*DATA SUPPLIED*
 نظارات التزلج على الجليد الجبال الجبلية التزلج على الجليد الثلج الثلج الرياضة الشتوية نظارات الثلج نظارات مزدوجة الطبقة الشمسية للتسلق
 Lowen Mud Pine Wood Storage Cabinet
---
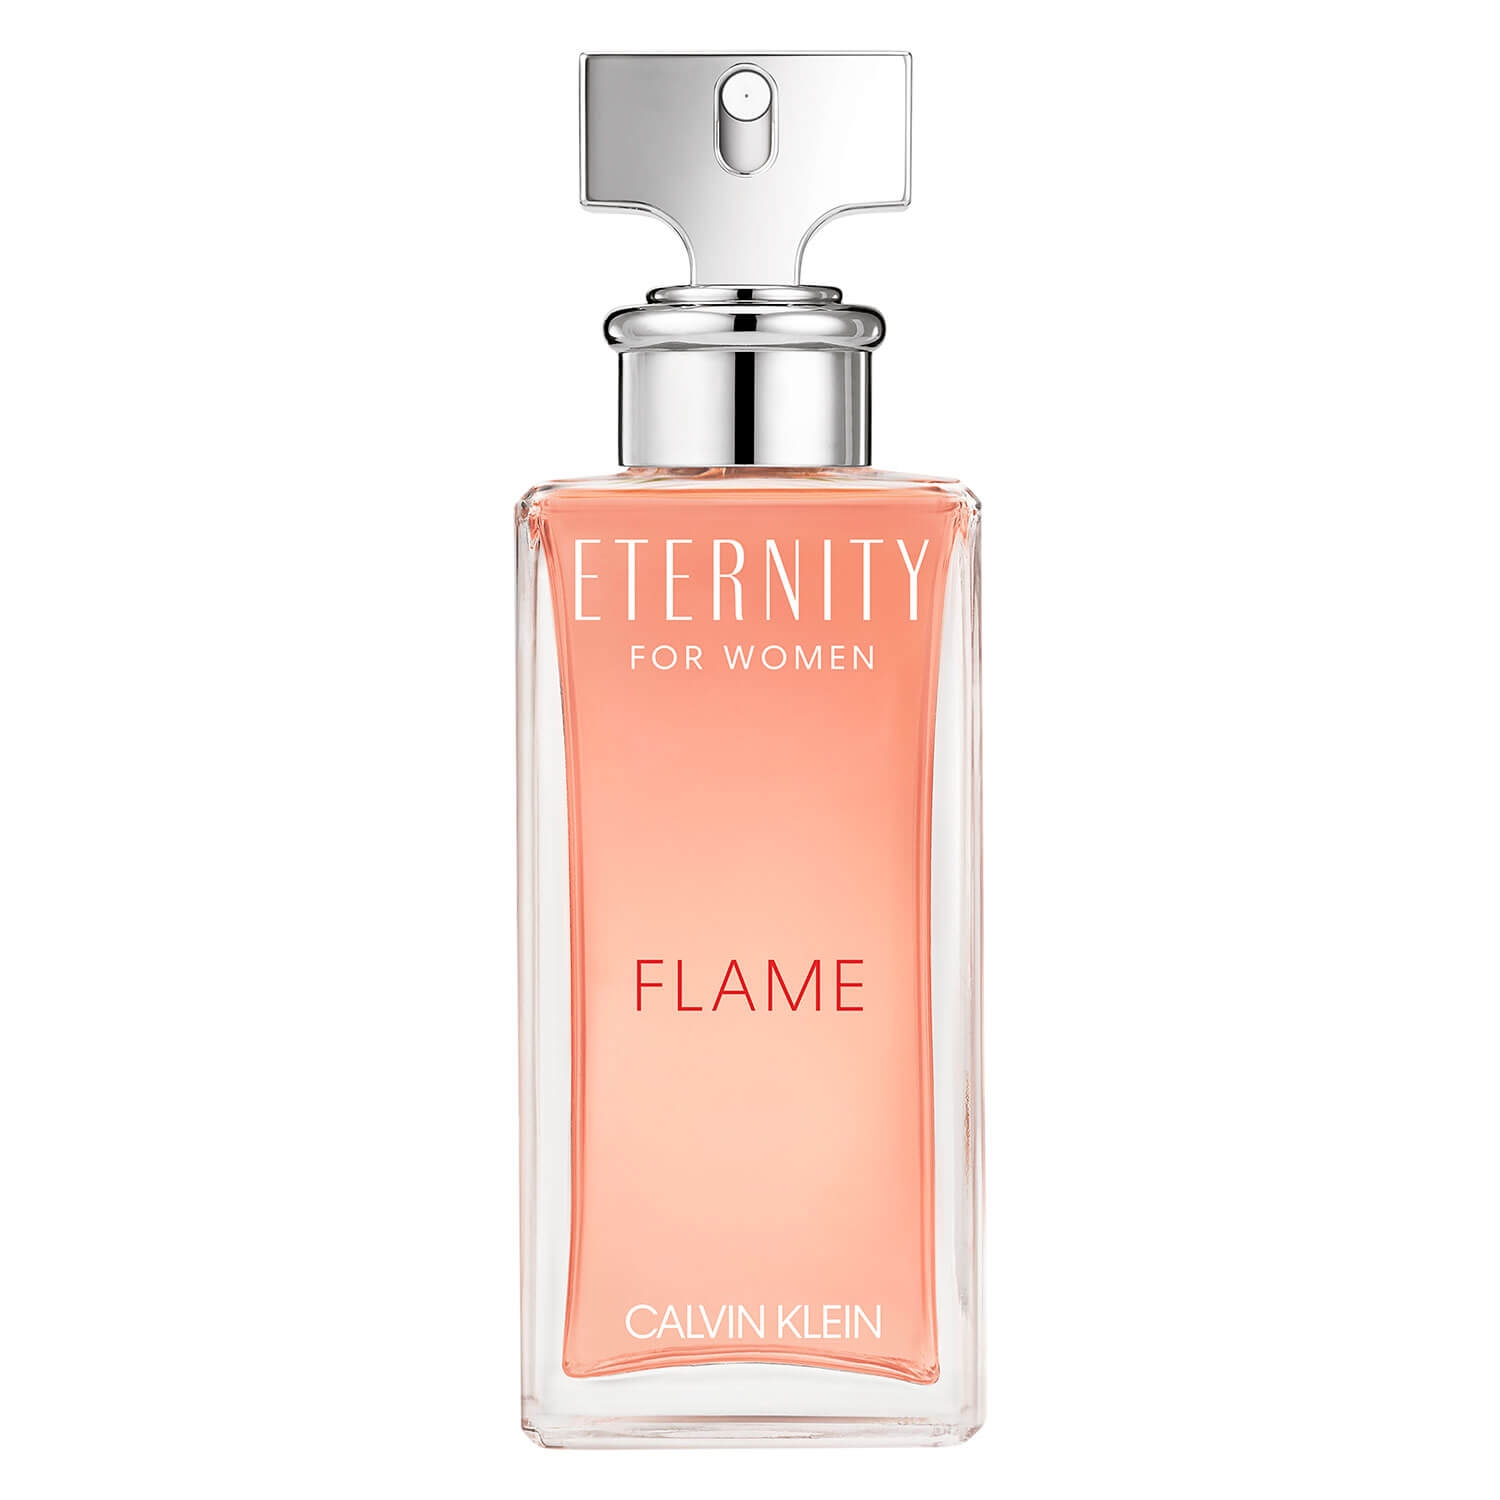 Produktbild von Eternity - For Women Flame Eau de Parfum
--
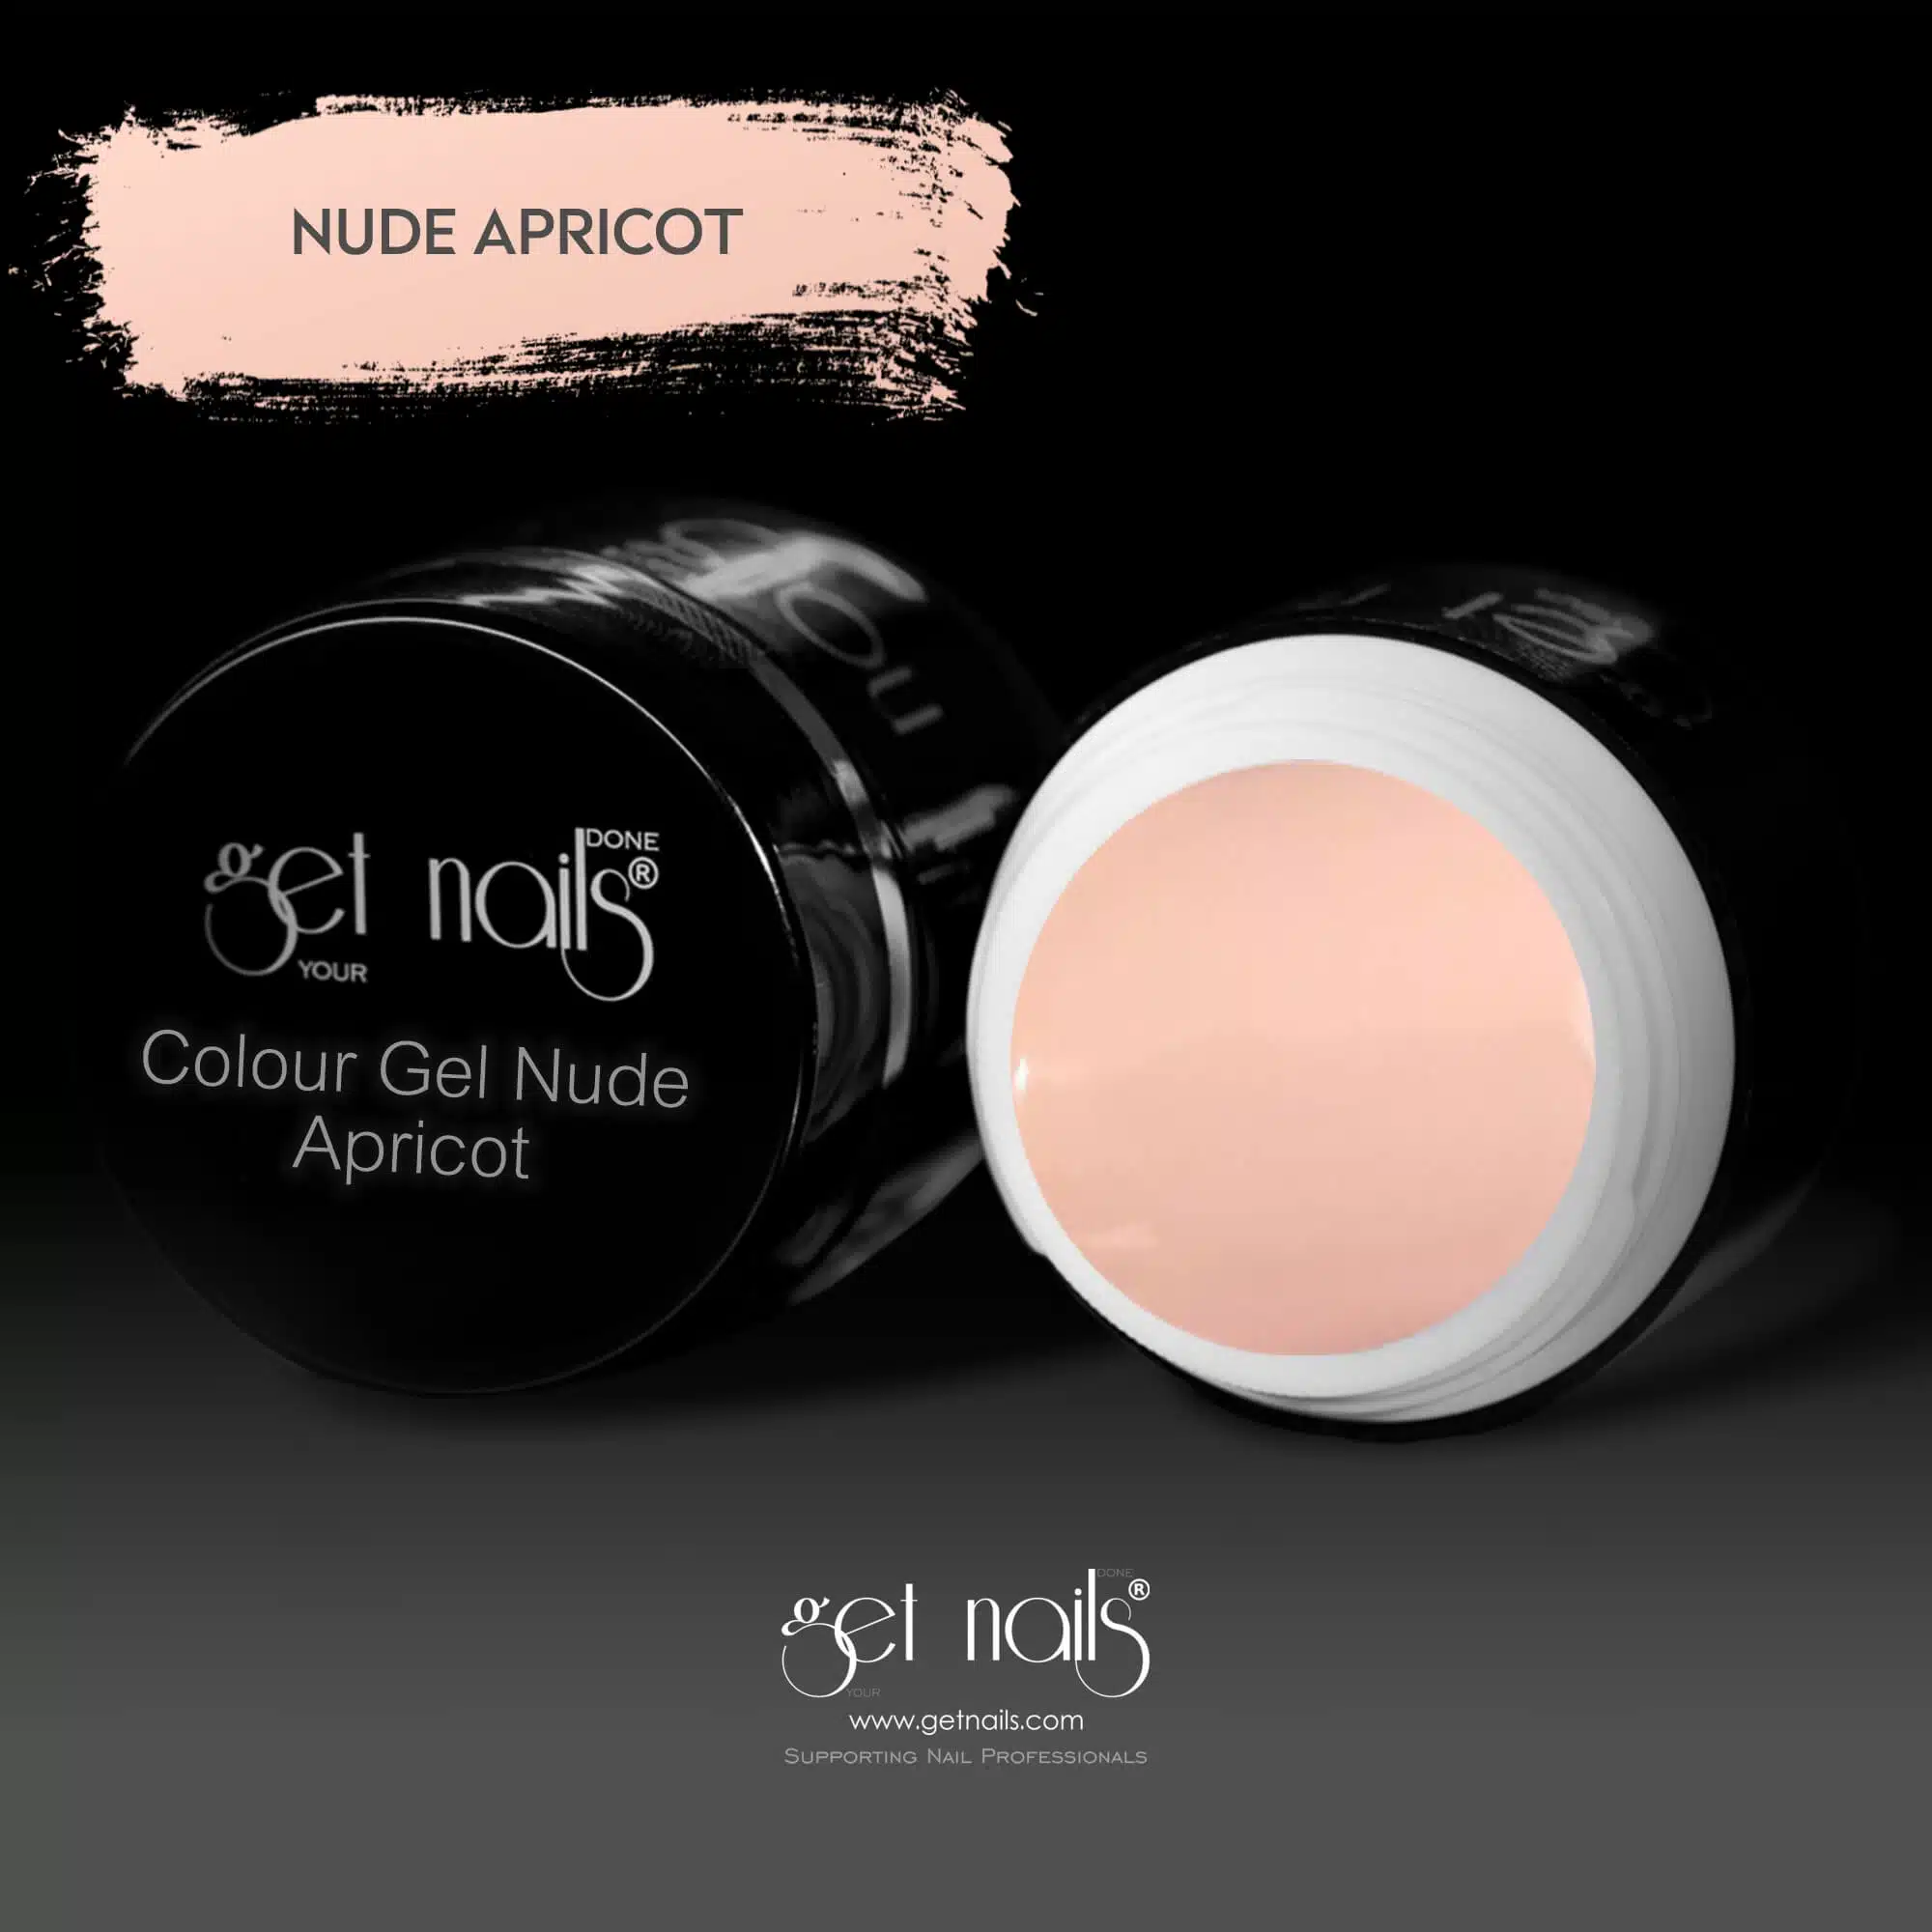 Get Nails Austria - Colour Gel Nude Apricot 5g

*ACTIVITY*
From the material above, copy exactly the lines between the line holding "نظارات التزلج على" and the line holding "Lowen Mud Pine Wood Storage Cabinet", inclusive, and only those.

*RESPONSE*
 نظارات التزلج على الجليد الجبال الجبلية التزلج على الجليد الثلج الثلج الرياضة الشتوية نظارات الثلج نظارات مزدوجة الطبقة الشمسية للتسلق
 Lowen Mud Pine Wood Storage Cabinet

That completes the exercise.